Using the entries that follow, collect the lines where the word "white" appears.

Top of SUPPLIED MATERIAL

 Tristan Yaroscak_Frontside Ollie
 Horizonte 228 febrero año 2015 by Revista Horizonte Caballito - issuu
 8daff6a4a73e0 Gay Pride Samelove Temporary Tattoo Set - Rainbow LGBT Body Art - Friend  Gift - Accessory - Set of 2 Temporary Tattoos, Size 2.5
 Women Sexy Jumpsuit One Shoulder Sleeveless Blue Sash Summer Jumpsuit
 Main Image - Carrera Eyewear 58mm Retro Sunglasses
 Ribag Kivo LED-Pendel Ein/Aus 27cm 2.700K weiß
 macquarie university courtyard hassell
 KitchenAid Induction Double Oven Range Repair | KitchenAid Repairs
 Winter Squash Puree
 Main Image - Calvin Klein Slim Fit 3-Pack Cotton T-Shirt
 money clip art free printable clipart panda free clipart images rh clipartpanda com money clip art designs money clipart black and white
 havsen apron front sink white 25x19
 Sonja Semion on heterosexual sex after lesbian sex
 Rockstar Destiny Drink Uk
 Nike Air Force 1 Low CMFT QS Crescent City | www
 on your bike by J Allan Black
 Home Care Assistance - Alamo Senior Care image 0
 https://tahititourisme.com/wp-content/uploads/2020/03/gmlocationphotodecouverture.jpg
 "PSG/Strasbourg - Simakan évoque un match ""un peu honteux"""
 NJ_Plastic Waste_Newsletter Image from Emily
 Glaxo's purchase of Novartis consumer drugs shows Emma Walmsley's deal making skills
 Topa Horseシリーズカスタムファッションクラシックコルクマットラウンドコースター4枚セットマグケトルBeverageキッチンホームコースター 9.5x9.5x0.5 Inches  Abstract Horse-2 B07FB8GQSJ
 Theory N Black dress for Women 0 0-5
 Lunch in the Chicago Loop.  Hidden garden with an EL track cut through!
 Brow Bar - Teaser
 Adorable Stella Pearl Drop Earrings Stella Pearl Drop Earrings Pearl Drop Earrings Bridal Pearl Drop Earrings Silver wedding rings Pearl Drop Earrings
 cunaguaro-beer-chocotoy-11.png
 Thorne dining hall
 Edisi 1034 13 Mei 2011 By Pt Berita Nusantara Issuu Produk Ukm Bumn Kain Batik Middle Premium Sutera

Bottom of SUPPLIED MATERIAL

> [SOLUTION BELOW]:
 money clip art free printable clipart panda free clipart images rh clipartpanda com money clip art designs money clipart black and white
 havsen apron front sink white 25x19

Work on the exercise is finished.